**Data to use**.
Segment Open

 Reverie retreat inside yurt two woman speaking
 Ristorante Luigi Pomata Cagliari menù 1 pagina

Segment Closed
Segment Open

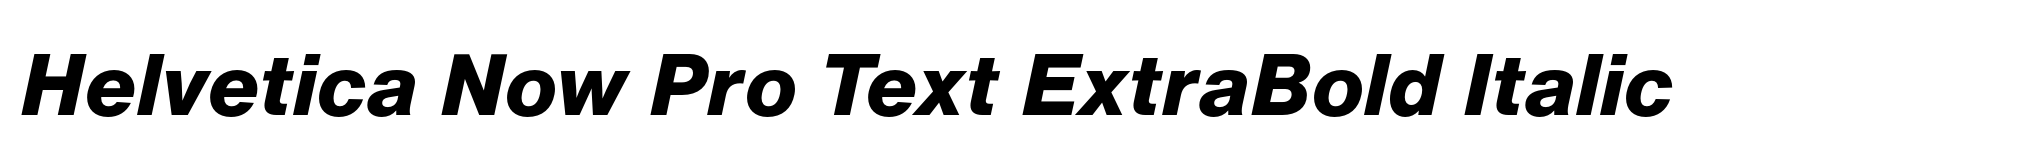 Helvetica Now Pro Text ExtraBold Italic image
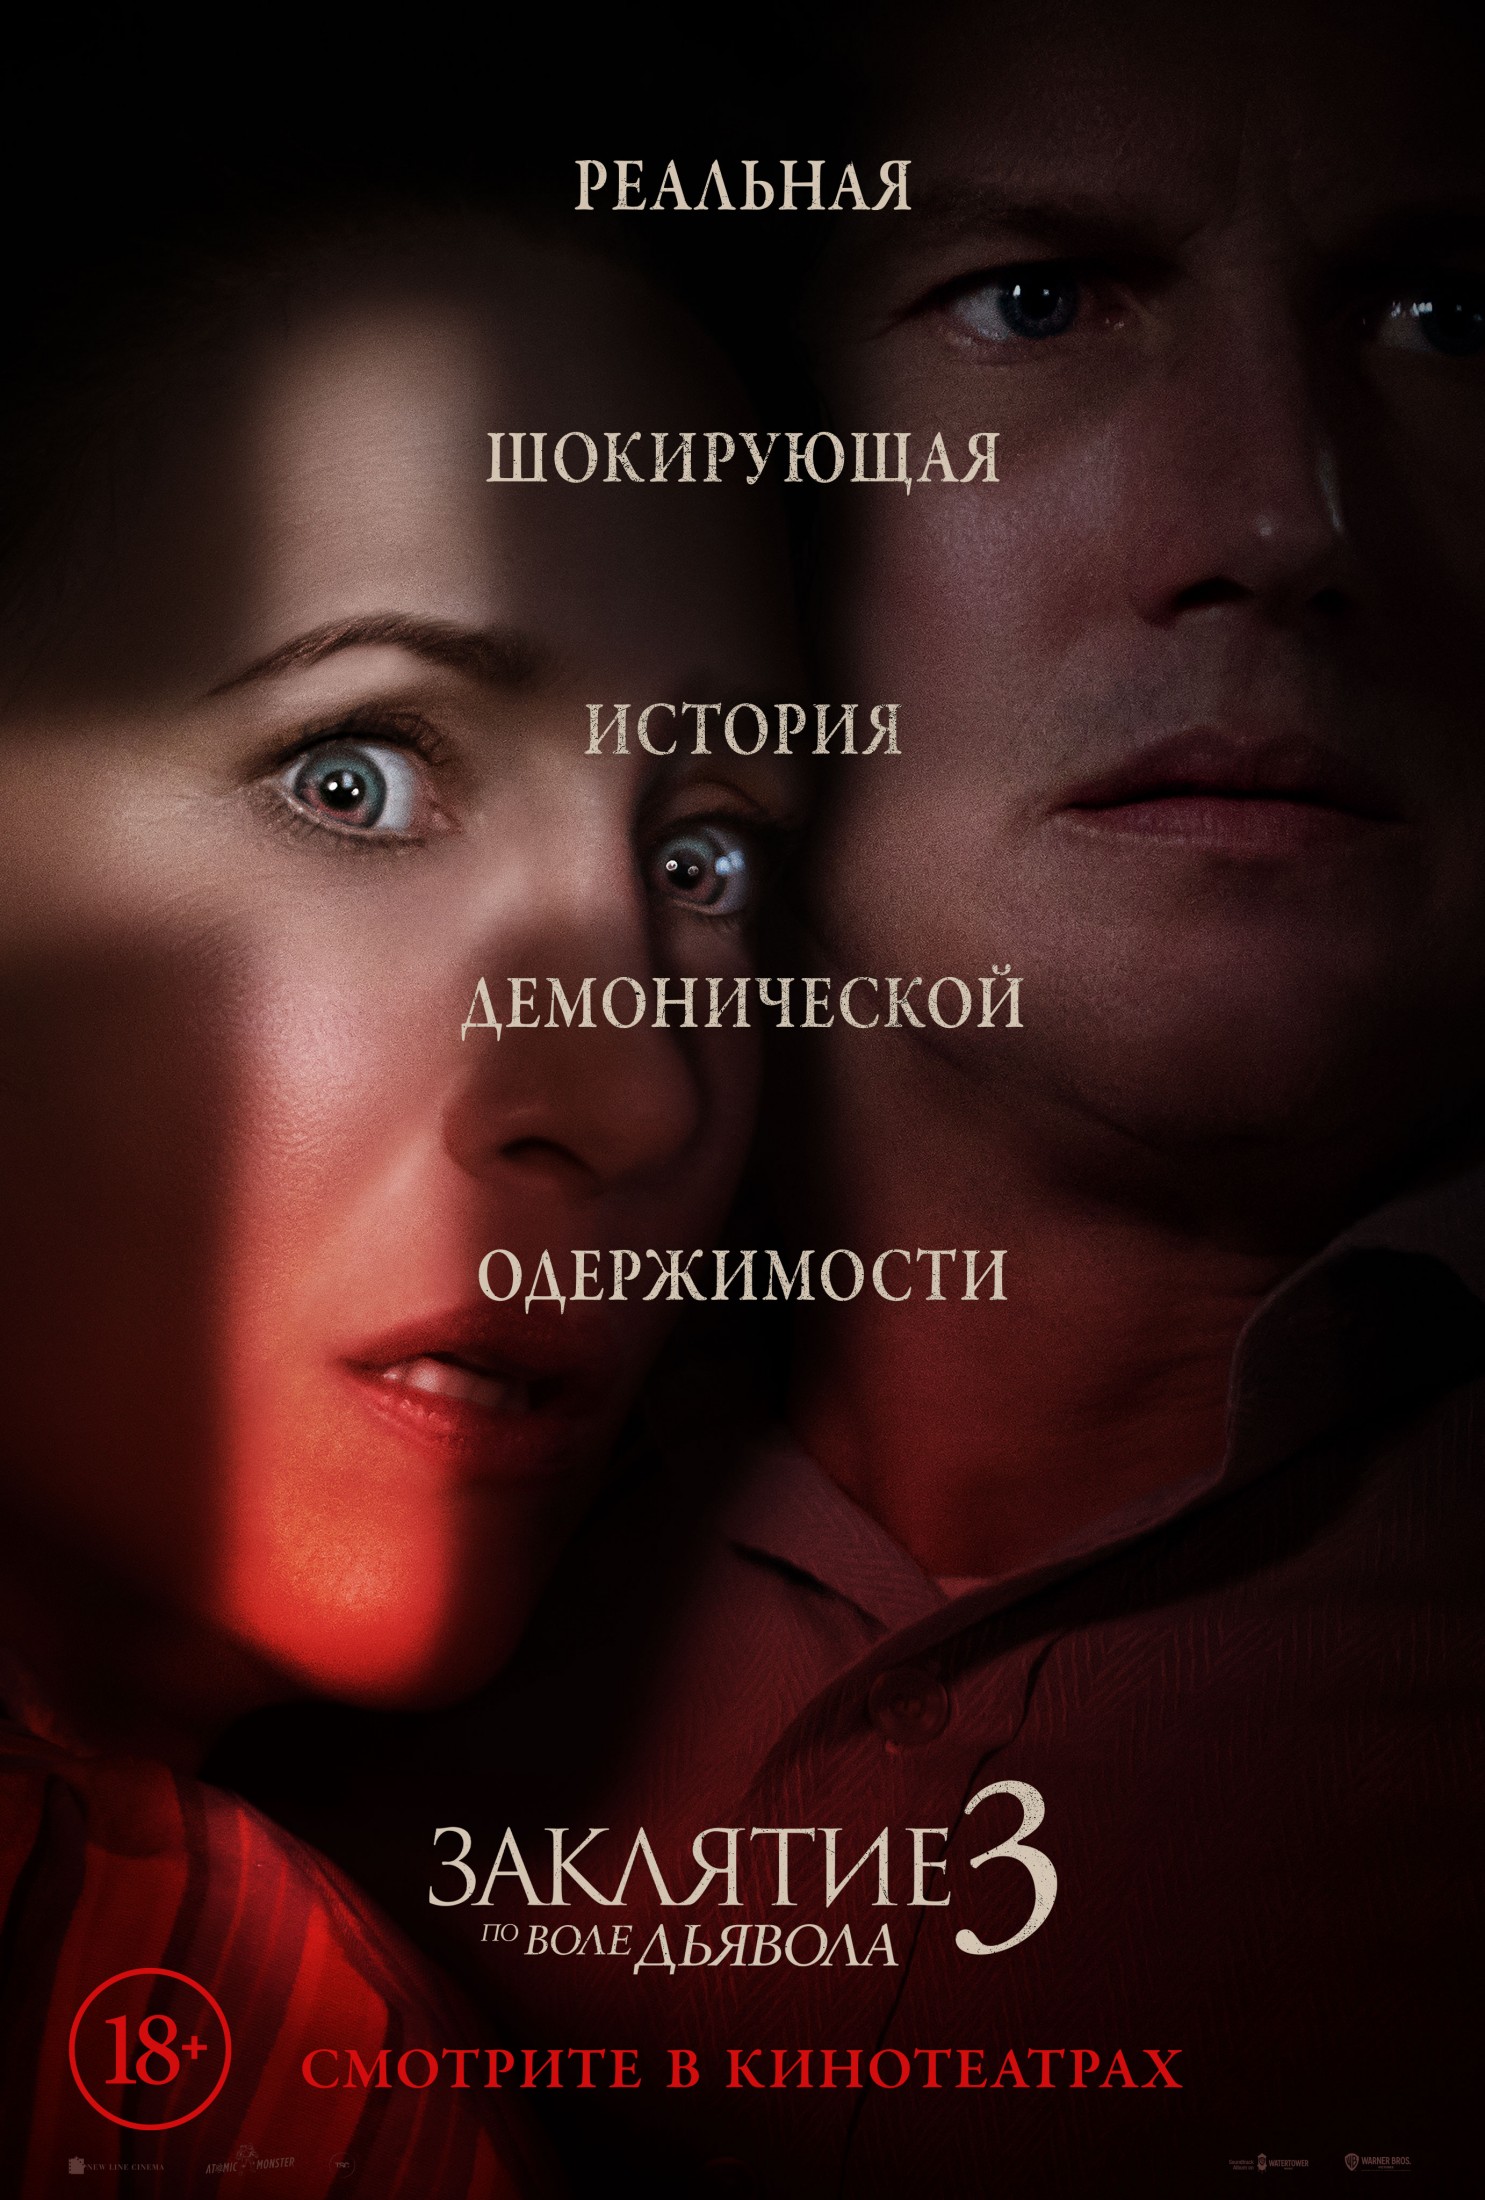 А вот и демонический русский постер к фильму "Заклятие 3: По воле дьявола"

Segment Closed

**Your assignment**.
Copy word for word the span of the records above that begins at the line with "Helvetica Now Pro" and ends at the line with "А вот и демонический", including those two lines but not the pictures.

**Your response**.
 Helvetica Now Pro Text ExtraBold Italic image
 А вот и демонический русский постер к фильму "Заклятие 3: По воле дьявола"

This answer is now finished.